Below are records with pictures in them. Output exactly the lines from the one with "Rabens Saloner - Tribal" through the one with "Eniwhere Fashion - Francesca Torsi", both included, and leave every picture out; give only those lines.

● Record set
====

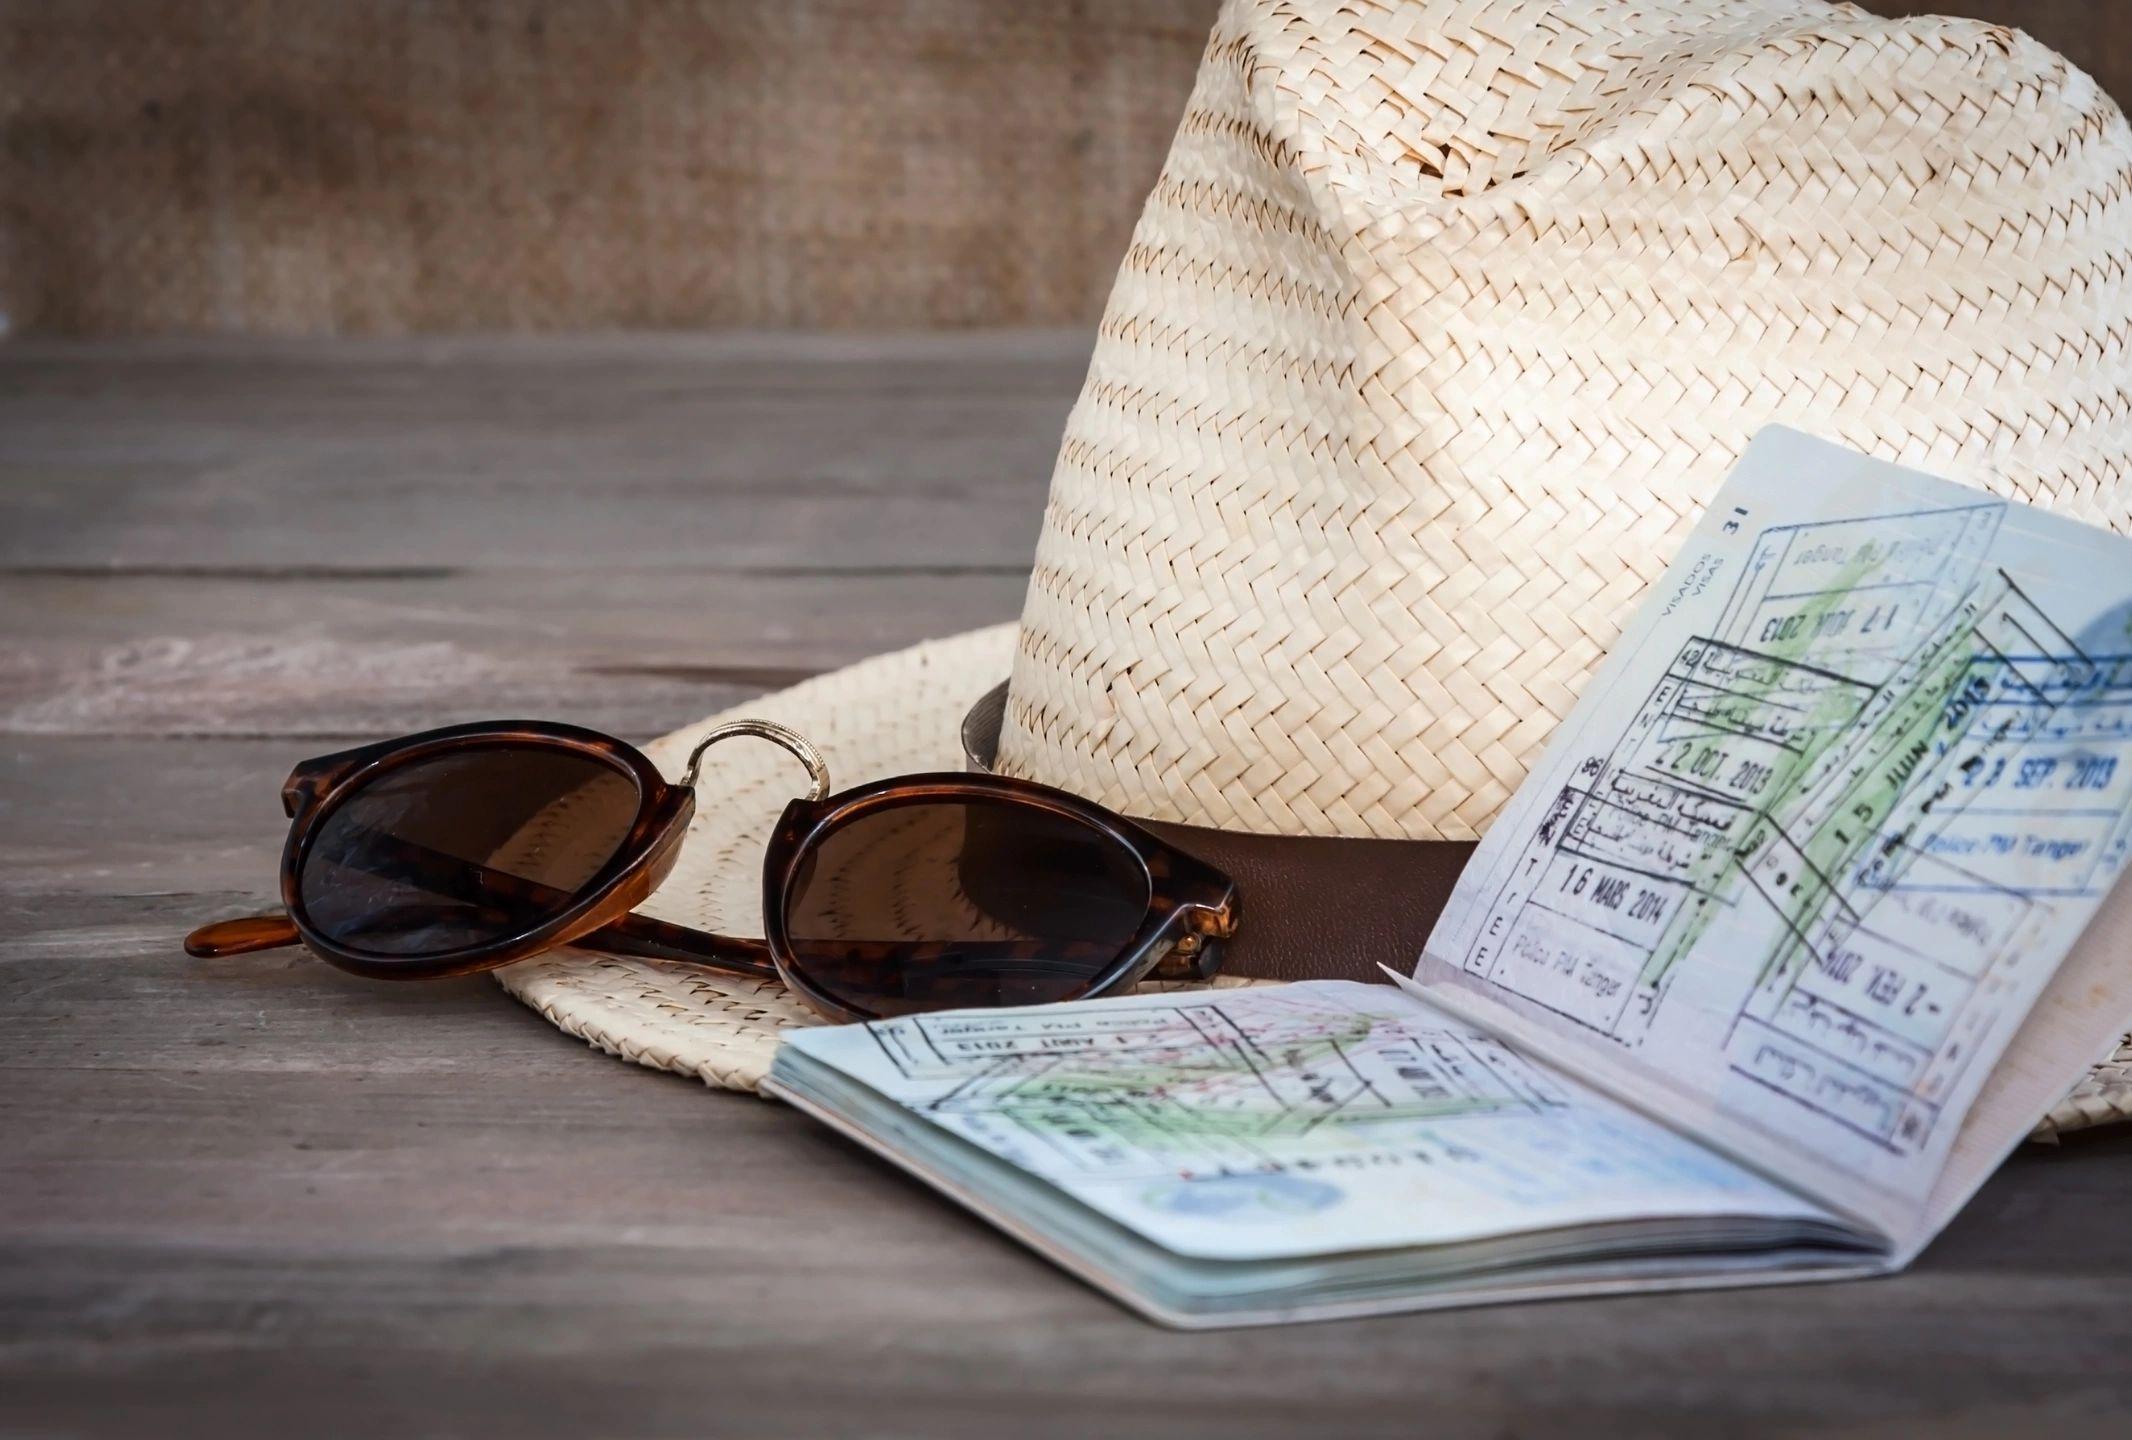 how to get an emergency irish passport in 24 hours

====

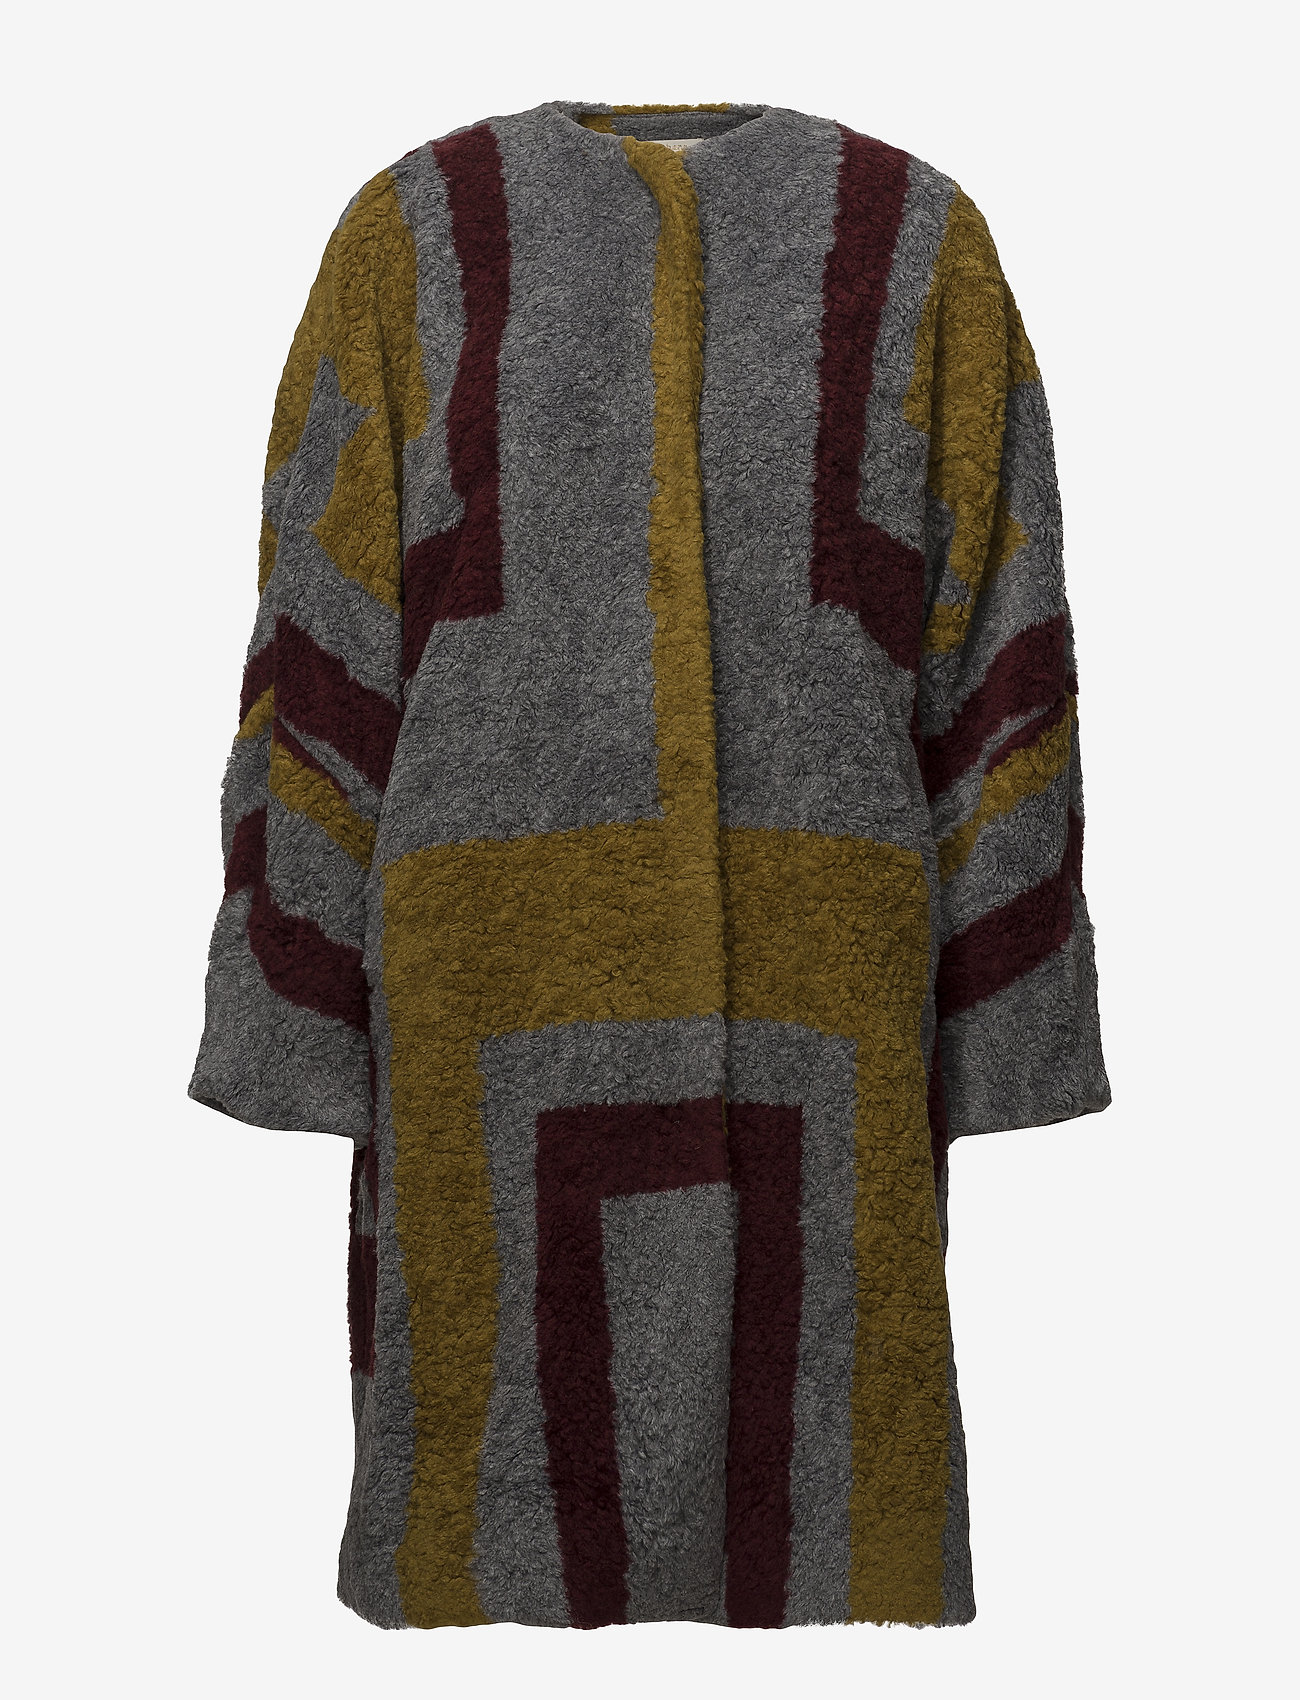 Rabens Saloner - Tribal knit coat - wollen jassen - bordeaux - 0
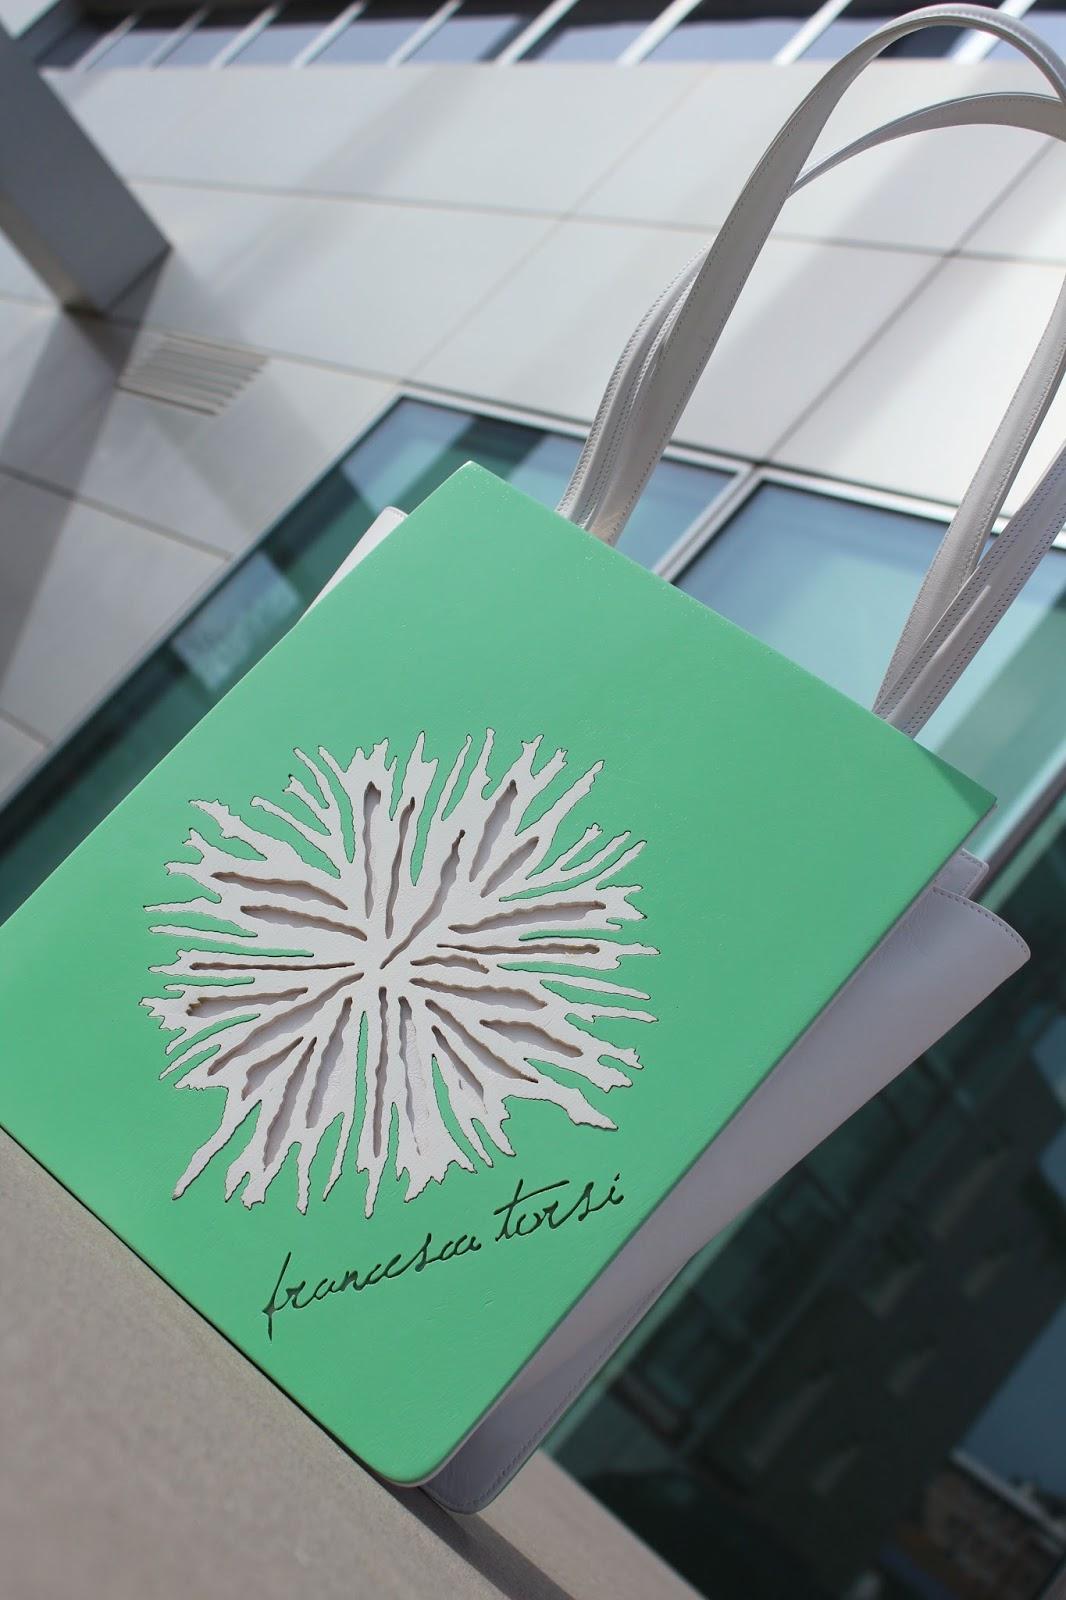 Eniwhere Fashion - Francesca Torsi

====

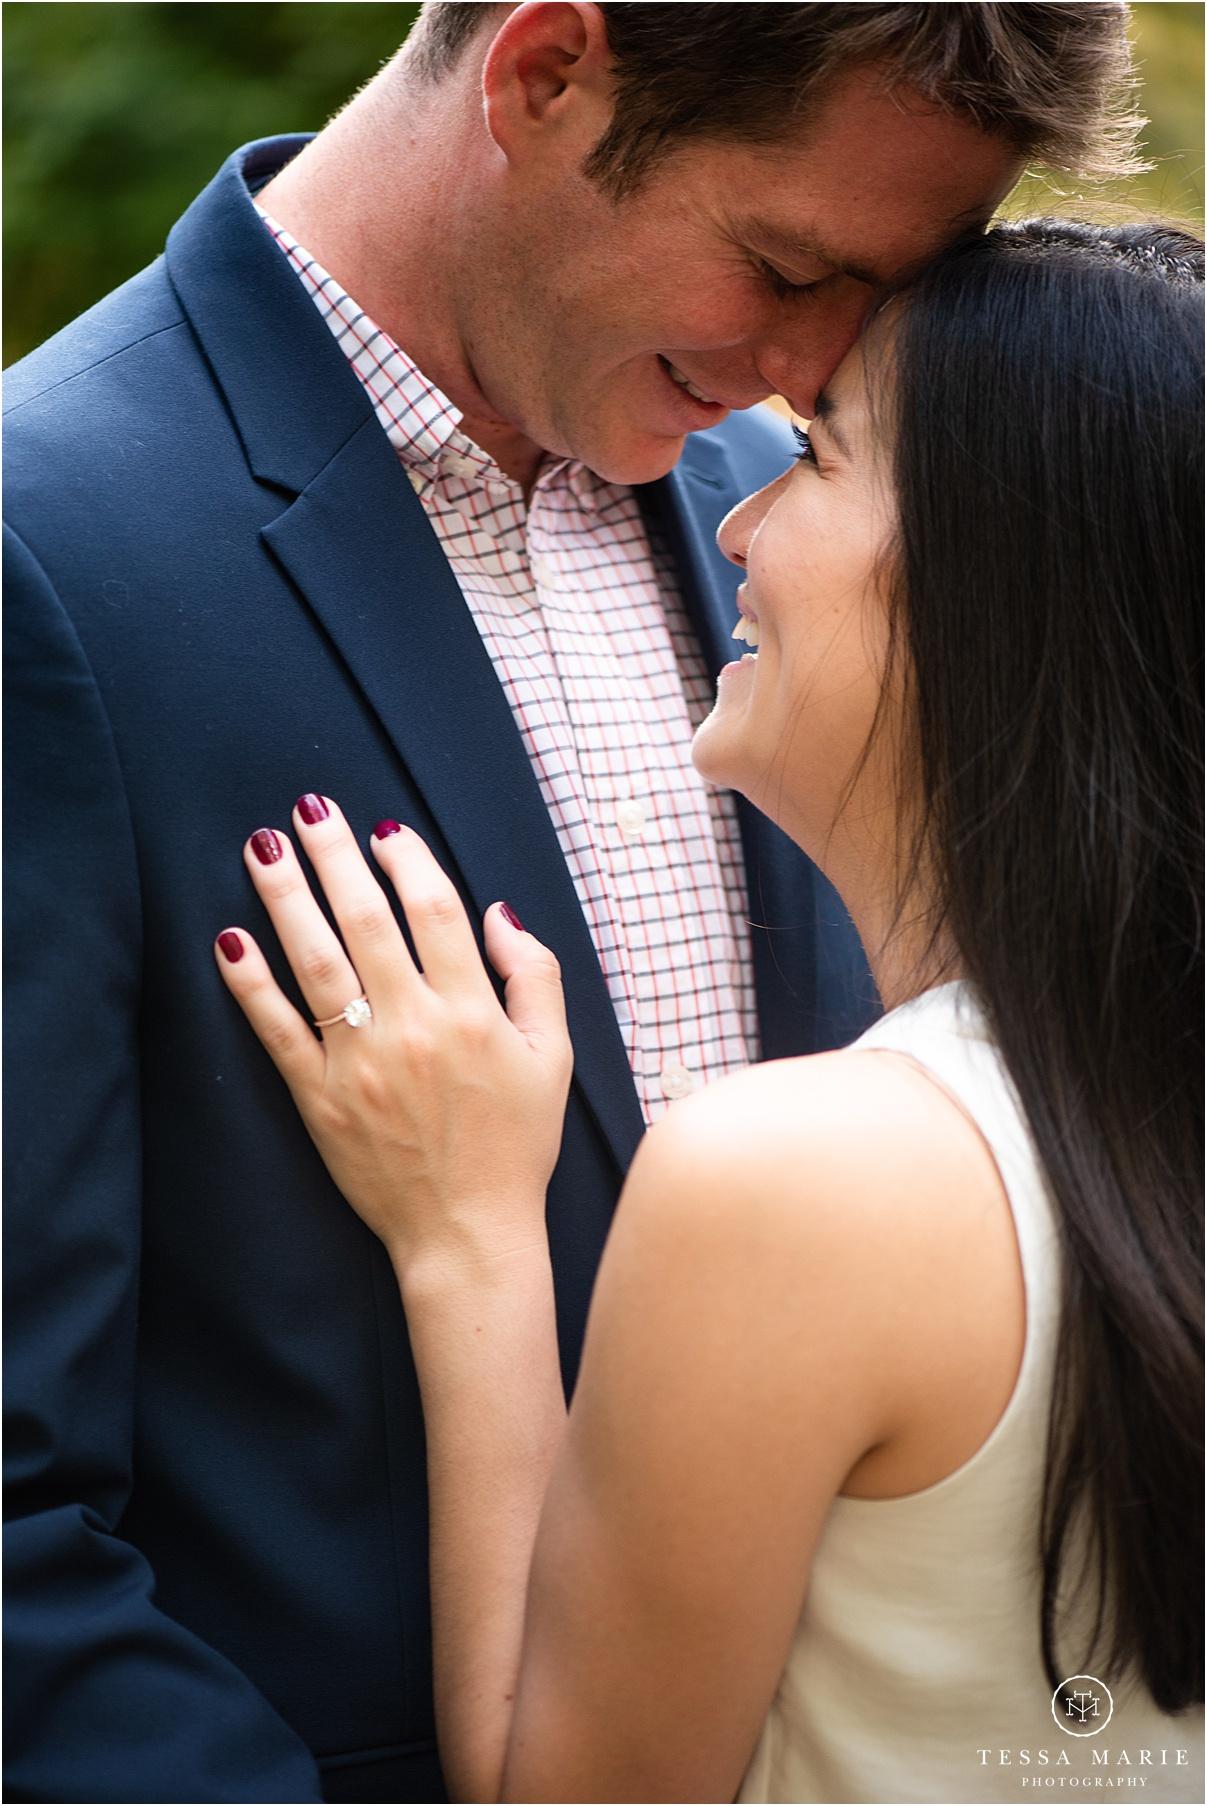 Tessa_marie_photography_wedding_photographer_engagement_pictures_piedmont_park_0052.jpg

====

● Solved problem
 Rabens Saloner - Tribal knit coat - wollen jassen - bordeaux - 0
 Eniwhere Fashion - Francesca Torsi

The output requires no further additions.